Section 2837, c. 53, Code 1907, provides that —
"From any final judgment or decree of the chancery, circuit, or courts of like jurisdiction, city or probate court, except in such cases as are otherwise directed by law, an appeal lies to the Supreme Court." *Page 370
Chapter 53 was amended by an act approved September 22, 1915 (Acts 1915, p. 711), and section 7 of said act reads as follows:
"That appeals in criminal cases must be taken at the time of sentence * * * or within six months thereafter in manner following: (a) An entry of record that defendant appeals from the judgment with or without suspension of judgment, as he may elect, to be taken at the time of judgment rendered, or: (b) the filing of a written statement signed by the defendant or his attorney that defendant appeals from the judgment; the statement to be filed within six months."

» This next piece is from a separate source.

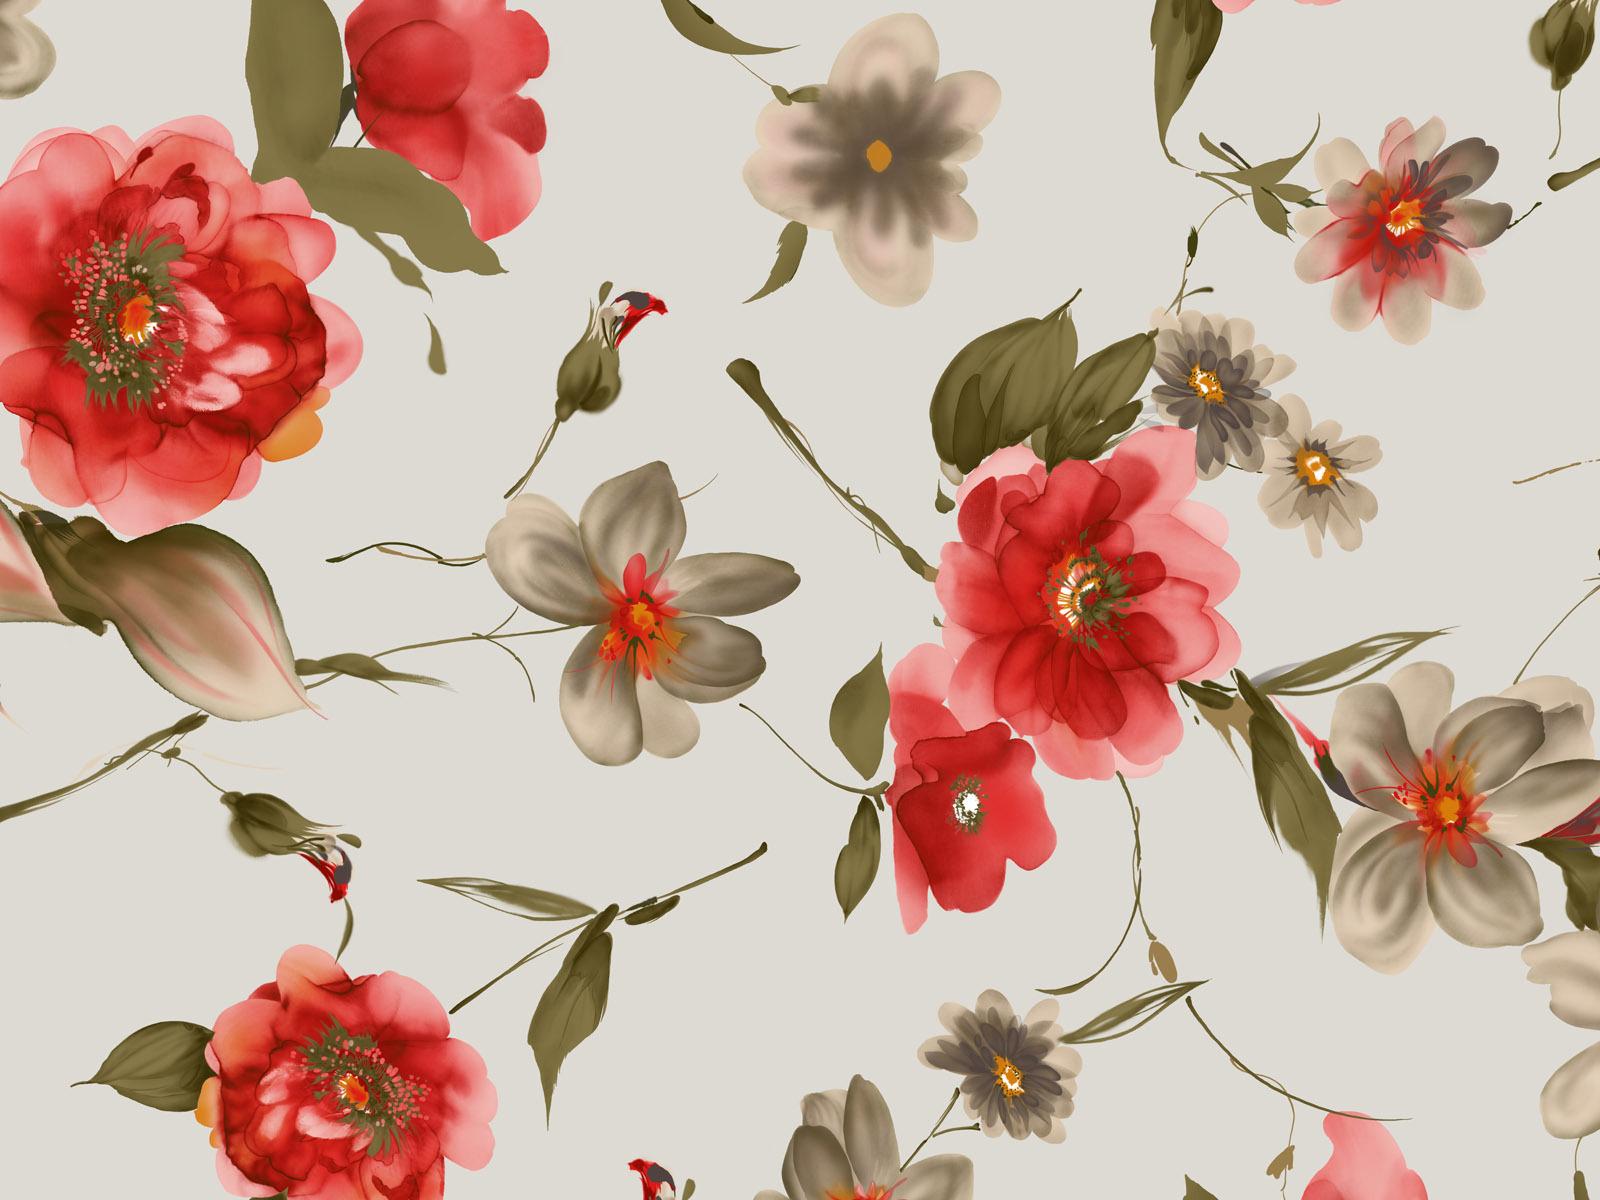 Картинки с цветочным фоном

Section 7 of an act approved February 15, 1919 (Acts 1919, p. 84), is identical with section 7 of the act of 1915, supra.
Under the Code provision above referred to, appeals in felony cases could be taken from any final judgment. The act of 1915, supra, and the act of 1919, supra, require that appeals in criminal cases be taken at the time of sentence or confession of judgment or within six months thereafter. An appeal in criminal cases does not lie to the Supreme Court or the Court of Appeals until sentence is pronounced or confession of judgment taken. Acts 1919, p. 84, § 7; Hardeman v. State,202 Ala. 694, 81 So. 656; Yates v. State, 18 Ala. App. 435,93 So. 62; Collins v. State, 148 Ala. 667, 41 So. 672; Ayers v. State, 71 Ala. 11.
The appeal in the instant case, having been taken before sentence was pronounced on the defendant, was prematurely taken, and must be dismissed.